Preface

15 January 1998

I wanted to thank everyone who has written in with comments and suggestions about this site. I am happy to have written a resource that many people in the academic world find useful. Please keep the suggestions and questions coming.
Several people have suggested an FTP-able file of the whole paper to diminish online time. I'll soon have Word, WordPerfect, and MacWrite Pro versions that interested readers can download and read at their leisure. These documents should be available off of the Table of Contents. Thanks again for all of the mail.

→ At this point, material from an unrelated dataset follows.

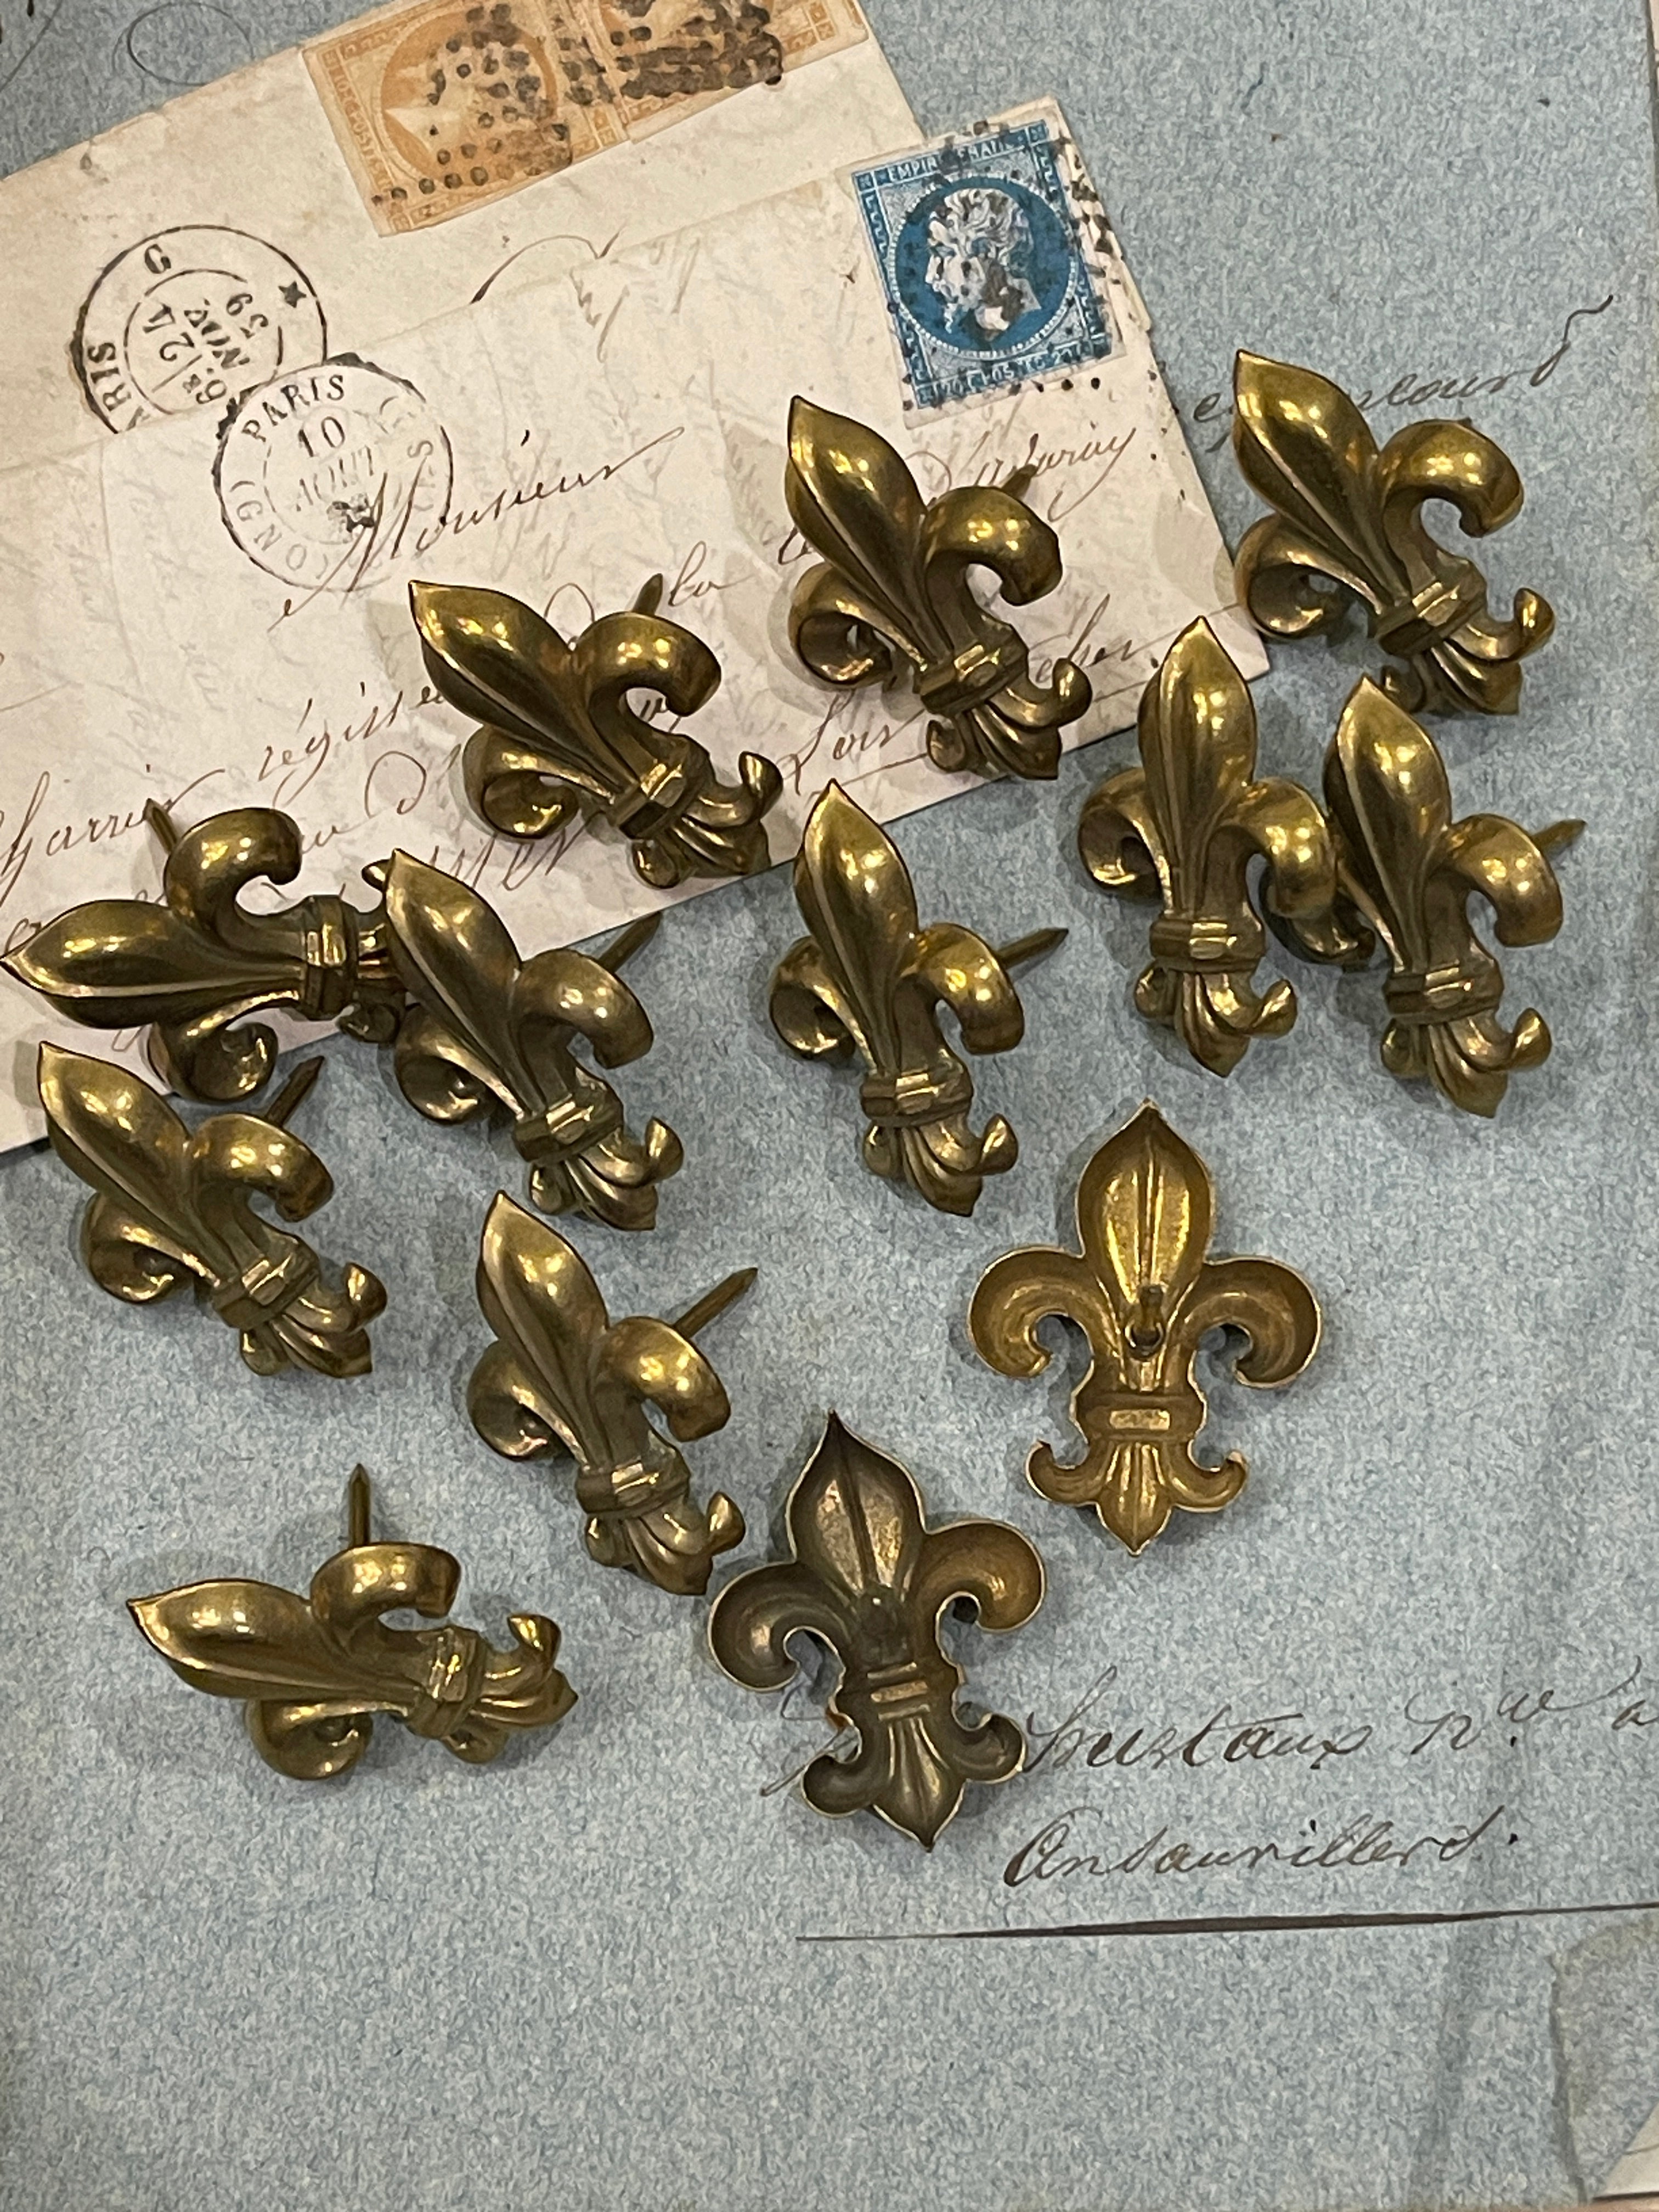 VERY RARE 1800's Antique French Fleur De Lis Pin Pieces

Welcome to my hypertext thesis. Even though I present my thesis in HTML format, it remains, basically, a traditional thesis. However, unlike its traditional printed counterpart, this thesis is malleable and dynamic. I expect to continually add resources on both Rushdie and Bulgakov as interest waxes.
Rushdie is already well-known because of the on-going controversy caused by The Satanic Verses; however, this site will concentrate not on Rushdie's extra-literary life, but on his art, specifically on the Verses. Bulgakov, too, was controversial politically during his life, but, again, his literary offerings are of interest here, especially The Master and Margarita.
I am making this thesis available to the world for two reasons: I have not seen a study similar to this during my research; and for a demonstration of my writing for any prospective employers and Ph.D. programs. Please enjoy, and forward any suggestions and comments to Gerald Lucas. Below appears the original abstract for my printed thesis.
This thesis is dedicated to my family and friends, professors and colleagues, and teachers and students who all had faith in me. Specifically, I owe a profound thanks to Carole Cole for inspiring me to pursue a career in academia by her unique approach to literature and life. Other professors that continued to stoke my ardent enthusiasm for literature include: Robert Hall, Don Wyly, Frank Fabry, Sara Deats, Daniel Wells, Victor Peppard, and, my mentor for the last two years, Silvia Ruffo Fiore. Your guidance has been integral to my success thus far and will continue to play a role in all my future undertakings.
Personally, I would like to thank my family for always having confidence in my abilities, even when I didn't: my father, Gerald Henry Lucas, my mother, Donna Rahe Mikell, and my brother, Timothy Barton Lucas. For his continued support throughout my emotional and intellectual crises, my best friend Kip James Bilderback remains dear to my heart even though physically he is much removed.
Finally, this thesis is for all individuals: artists and poets alike. May you be inspired to never lose faith in yourself or those truths that are no less than your own souls.

Gerald Lucas, 10 March 1997
Department of English
University of South Florida

In an increasingly postmodern world, the expression of a new belief is becoming progressively dangerous, especially if that new supposition challenges an already codifed "truth." New thinkers who boldly challenge the status quo come under severe scrutiny from both extremes: the fundamentalist right-wing and the liberal left ostensibly denounce and excommunicate any impudent, new expression, particularly if it challenges a passionately felt religious belief. The reaction against Salman Rushdie's The Satanic Verses has been mostly one of moral outrage from devout Muslims and dour displeasure from many respected artists. Rushdie has alienated many of the world's religious communities, political régimes, and cultural fraternities with his 1989 novel about the contemporary world and the birth of an increasingly growing religion: Islam.
Similarly, Mikhail Bulgakov's 1939 novel The Master and Margarita takes an equally heterodox view of the genesis of Christianity and the world of communist Moscow in the 1930s. He, too, blasphemes in a religious sense, questioning the beginning of a religion that millions throughout the world hold sacred.
This thesis proposes to look at the healthy blasphemy of the artists Salman Rushdie and Mikhail Bulgakov in their respective novels The Satanic Verses and The Master and Margarita. The working supposition is that Rushdie and Bulgakov celebrate the creative aspect of each individual artist, yet remain skeptical about the holistic truth of that creativity, i.e. the manuscript. In this instance the manuscript represents the written form of an artist's creativity: The New Testament's Gospels and the Qur'an, both of which were derived from the spoken word of the Jesus and Muhammad and, to utilize a verbally precise colloquialism, put down on paper by scribes and followers.
Through an examination of pertinent criticism and a juxtaposition of the novels' major themes of creativity, individuality, expression, and truth, this thesis will attempt to answer the question posed by Rushdie's novel: "What kind of idea are you?" (95). This question, indeed, seems to be the relevant question in both novels: are one's ideas worth enough to go insane, or die, for? And what will these ideas do to, or for, others? The very essence of the artist, his raison d'être, is in question by both novels. Rushdie and Bulgakov represent the rebellious, uncompromising artist as hero, and criticize and abuse the masses for their thoughtless acceptance of one man's vision of the "truth"--a truth they interpret, in true postmodernist form, as being as multifarious as there are souls on this world and as difficult to realize. Therefore, Rushdie and Bulgakov admire the artist and his creation as being representative of an individual truth, yet despise a thoughtless devotion to their art by unthinking masses.